• ASSIGNMENT:
Report every line of the entries that contains the word "with".

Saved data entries
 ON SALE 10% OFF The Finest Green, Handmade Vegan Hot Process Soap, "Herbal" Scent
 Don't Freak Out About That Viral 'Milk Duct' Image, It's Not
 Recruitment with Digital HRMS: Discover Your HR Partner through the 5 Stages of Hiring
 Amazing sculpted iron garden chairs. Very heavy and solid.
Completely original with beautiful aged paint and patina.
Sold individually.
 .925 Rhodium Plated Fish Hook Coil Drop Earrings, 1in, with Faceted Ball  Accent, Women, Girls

• TASK ANSWER:
 Recruitment with Digital HRMS: Discover Your HR Partner through the 5 Stages of Hiring
Completely original with beautiful aged paint and patina.
 .925 Rhodium Plated Fish Hook Coil Drop Earrings, 1in, with Faceted Ball  Accent, Women, Girls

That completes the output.